- Origin: Las Vegas, Nevada, U.S.
- Genres: Nu metal; metalcore; hardcore punk; deathcore;
- Years active: 2014–2022
- Label: Independent
- Members: Nick Chance Brad Cornelius Josh Bearden Jacob Barsoum
- Past members: Joshua Wilson
- Website: undertheweight.co

= Distinguisher (band) =

American metal band

Distinguisher was an American metalcore band formed in Las Vegas, Nevada, in 2014. The band's final lineup consisted of vocalist Nick Chance, guitarist Josh Bearden, bassist Brad Cornelius, and drummer Jacob Barsoum.

Distinguisher released their debut album, "What's Left of Us", on February 10, 2017, which received high praise from the underground metal community. They wasted no time aggressively touring in the early stages of their tenure which ultimately lead to a record deal with Modern Empire in 2019. The band's sophomore effort "Hell from Here" was released on July 19 that same year. COVID-19 and the shutdown of all touring would result in a silent two years from Distinguisher until they unveiled 3 new singles; "Nothing Is Real / We All Suffer", and "Violent Reaction" in 2021.

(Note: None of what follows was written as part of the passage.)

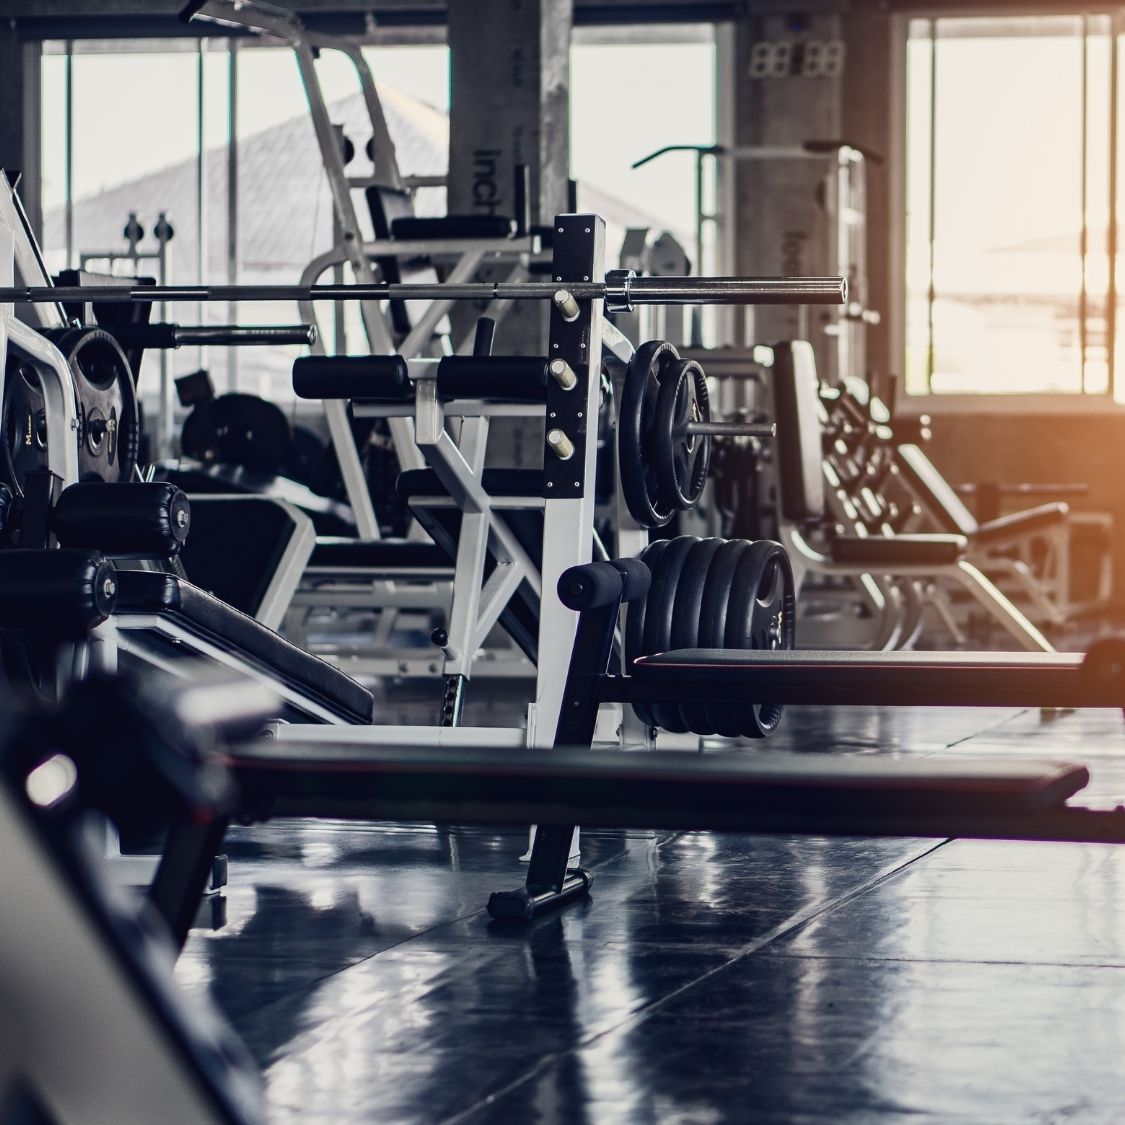 The Easiest Ways To Lose Weight at the Gym

Distinguisher's latest release "Under The Weight Of Things I Couldn't Change" was released on March 11, 2022.

"Under the Weight of Things I Couldn’t Change. The six track extended play produced by Josh Bearden of Nevermore Recordings, visually constructed by Nick Chance and Jacob Barsoum, original pour painting by Brad Cornelius, layout and design by Ben Hoagland.

The idea of this EP came about early into the global shutdown. With no intention of rushing a full length, Distinguisher began to dial in what would be their most aggressive, and refined sound to date. The final result; six songs that capture every feeling, every moment, and every tragedy of the past two years. "You are forced to accept the things that you cannot change."

Much of their packaging and merchandise is designed by Ben Hoagland, vocalist of Extortionist.

==History==

===What's Left of Us (2017–2019)===

On February 10, 2017, they released their debut album "What's Left of Us", which was their final release with vocalist Joshua Wilson. It was received well, with Connor Welsh of New Transcendence giving it a 9 out of 10.

===Hell from Here (2019–present)===

On July 19, 2019, the band announced their sophomore album "Hell From Here", which was released through Stay Sick Records. It was their first album with new vocalist and former deathcore drummer, Nick Chance.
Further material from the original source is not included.